**TASK DESCRIPTION**
Within the entries below, please retype exactly the lines starting with the line that has "Extra Large TV Poster Image for VJ Bhow-mik" and going on through the line that has "Study: Preclinical development", but not the pictures.

**DATA FOR ANALYSIS**

▬▬▬

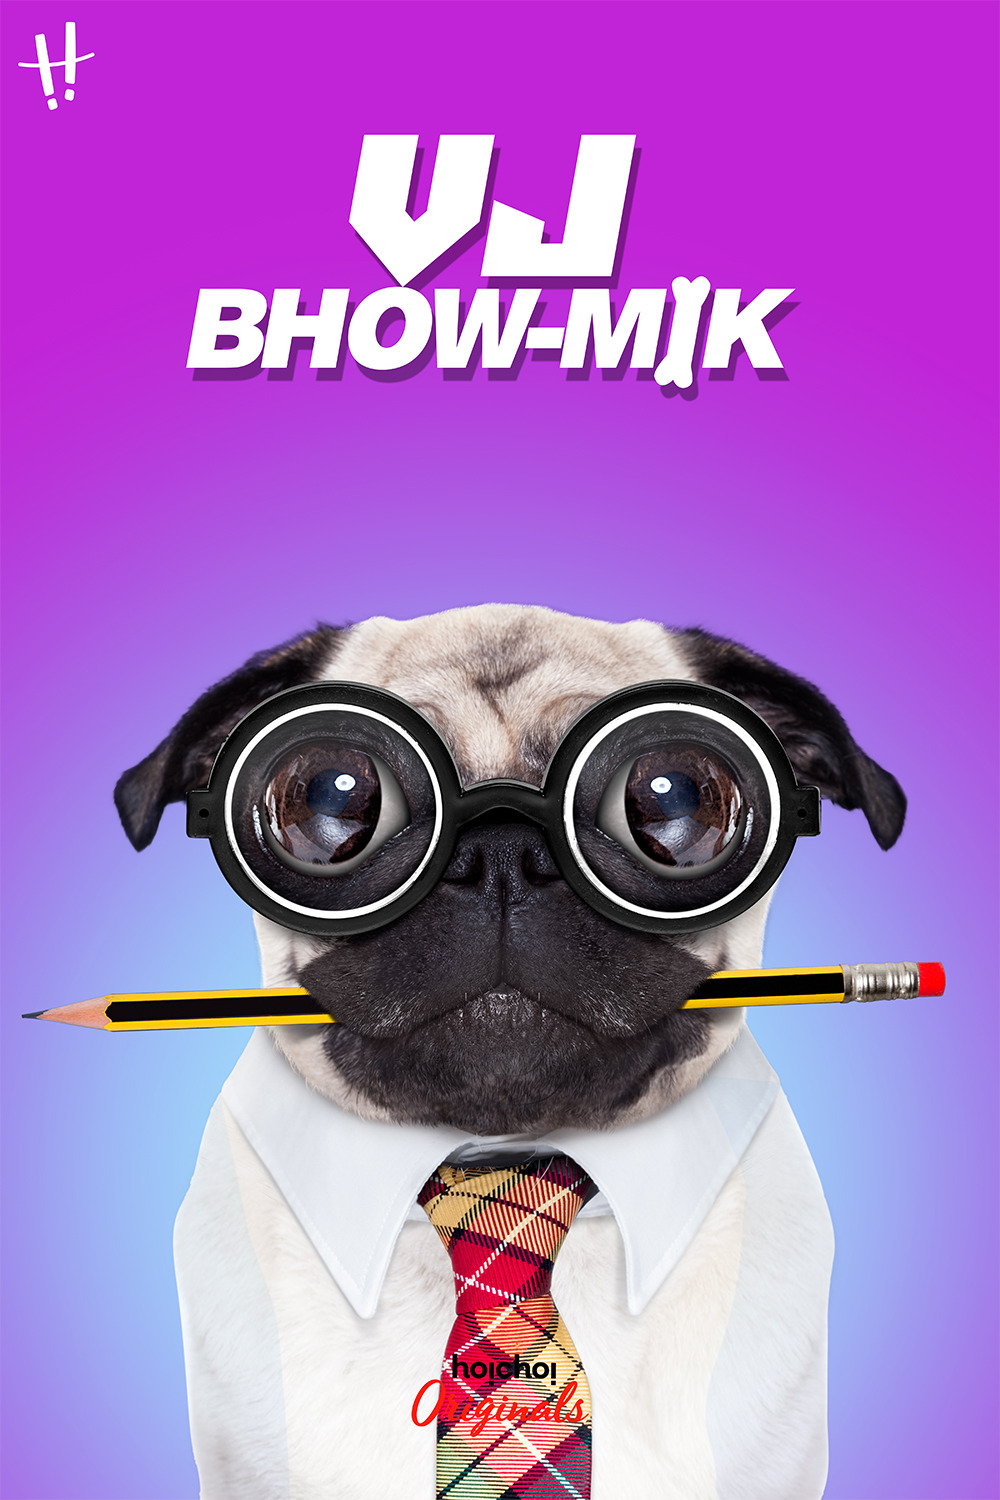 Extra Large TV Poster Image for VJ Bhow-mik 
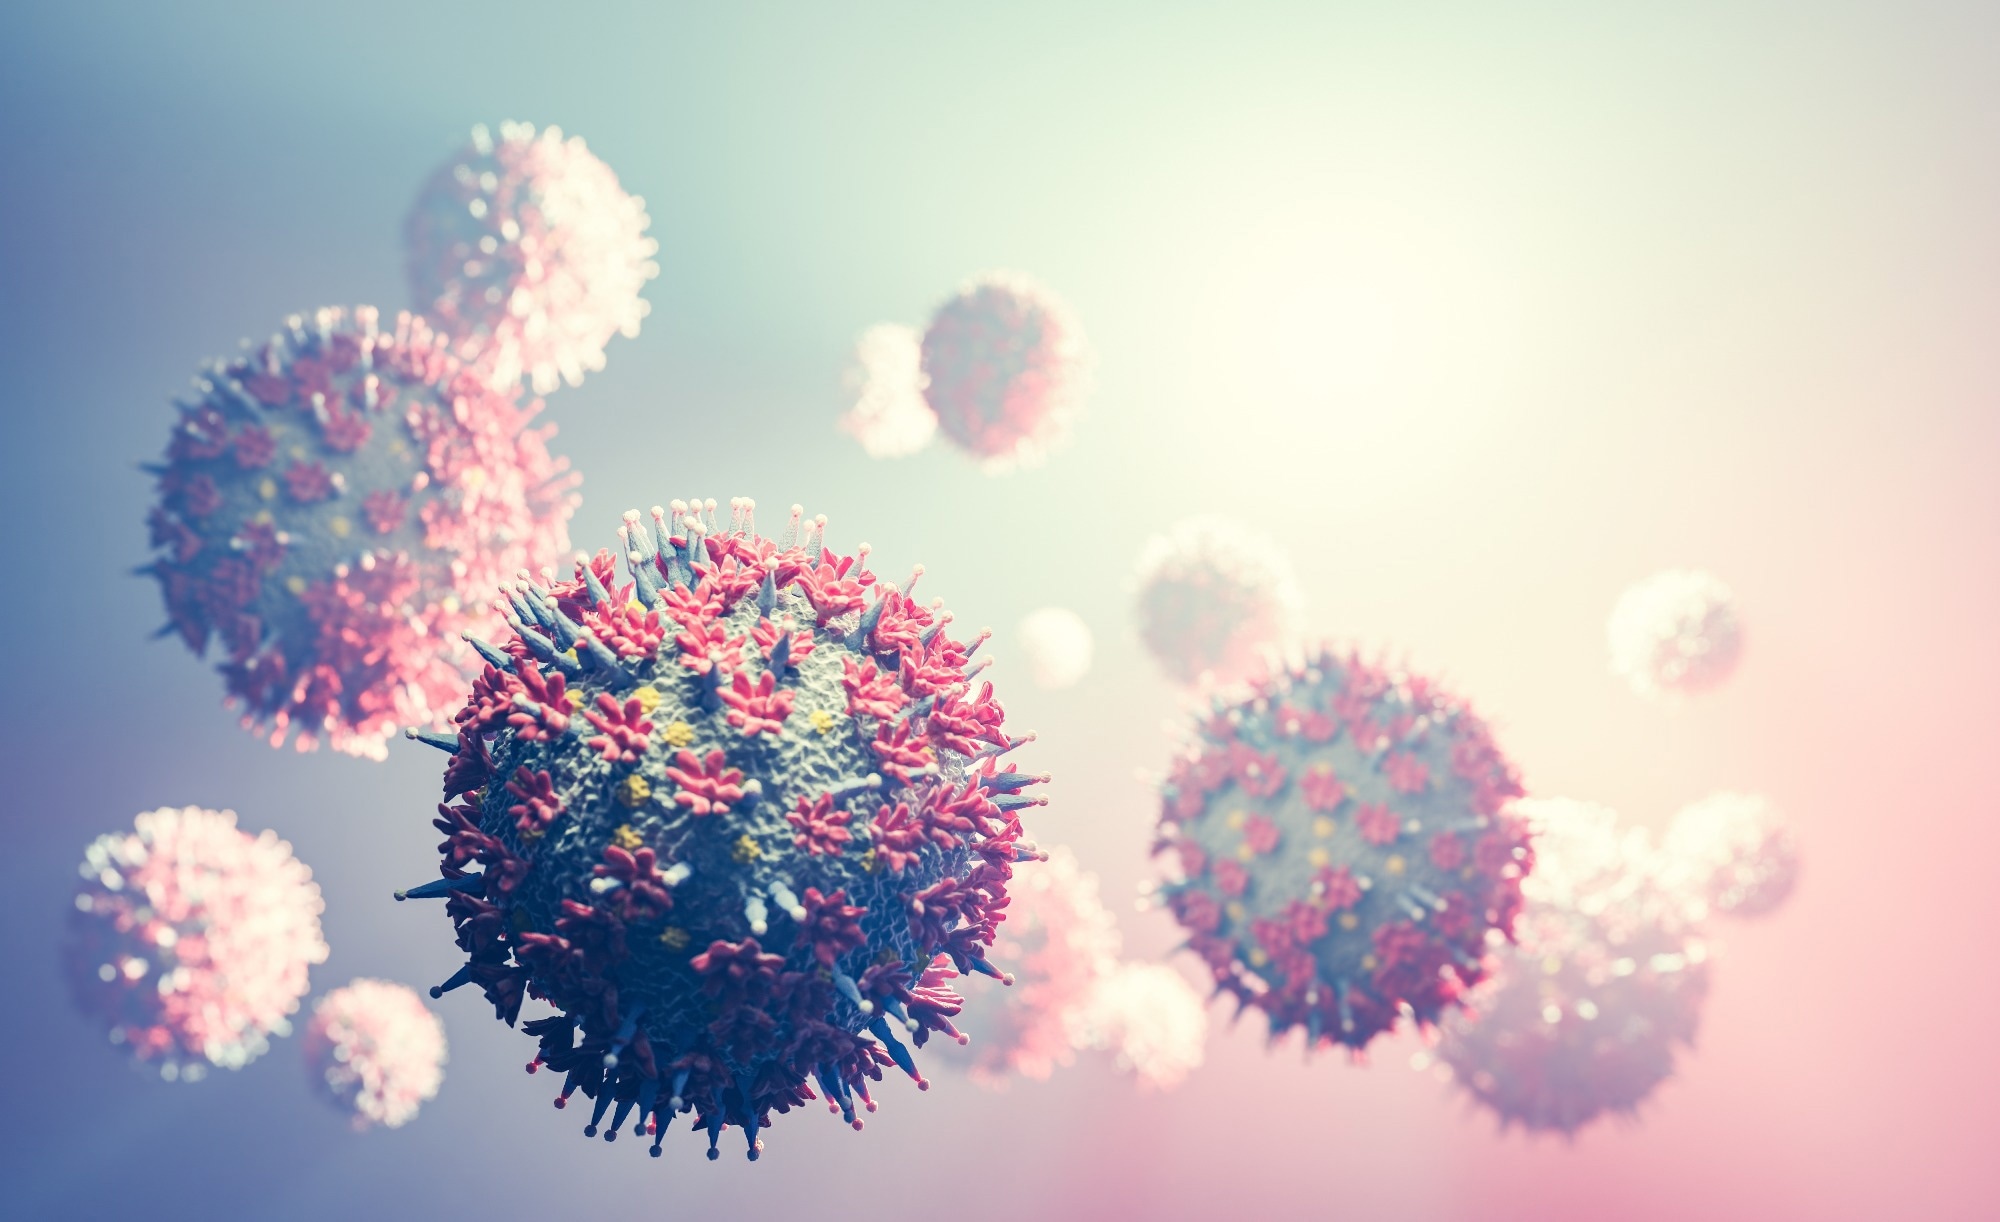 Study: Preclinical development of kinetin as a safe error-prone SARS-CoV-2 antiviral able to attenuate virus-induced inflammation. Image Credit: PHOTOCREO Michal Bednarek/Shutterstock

▬▬▬

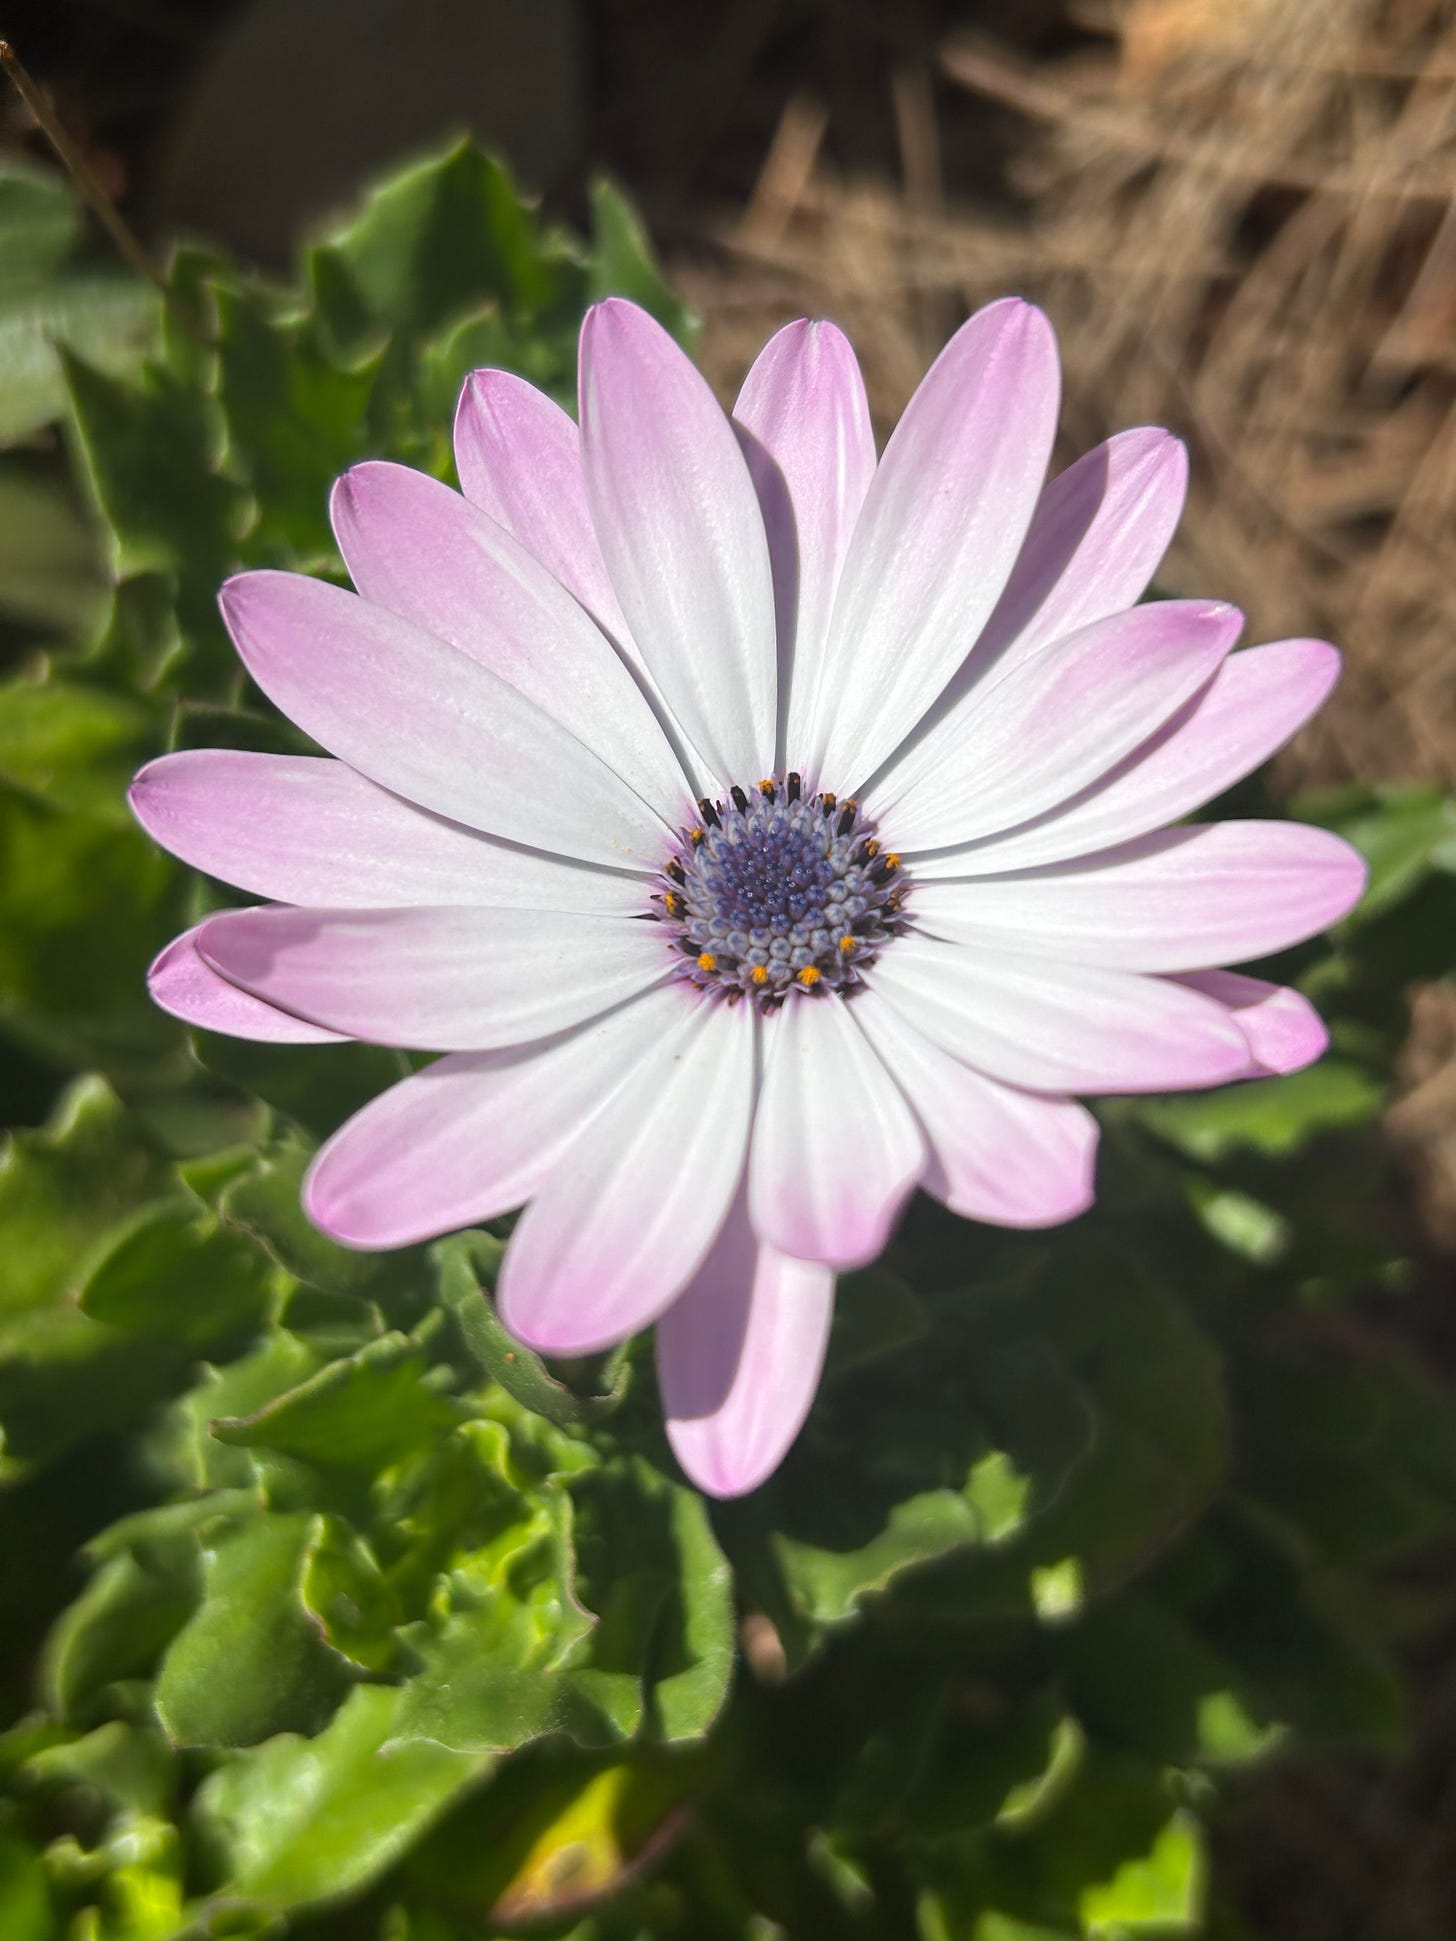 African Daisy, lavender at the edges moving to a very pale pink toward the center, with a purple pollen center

▬▬▬

**RESULT OF THIS EXERCISE**
 Extra Large TV Poster Image for VJ Bhow-mik 
 Study: Preclinical development of kinetin as a safe error-prone SARS-CoV-2 antiviral able to attenuate virus-induced inflammation. Image Credit: PHOTOCREO Michal Bednarek/Shutterstock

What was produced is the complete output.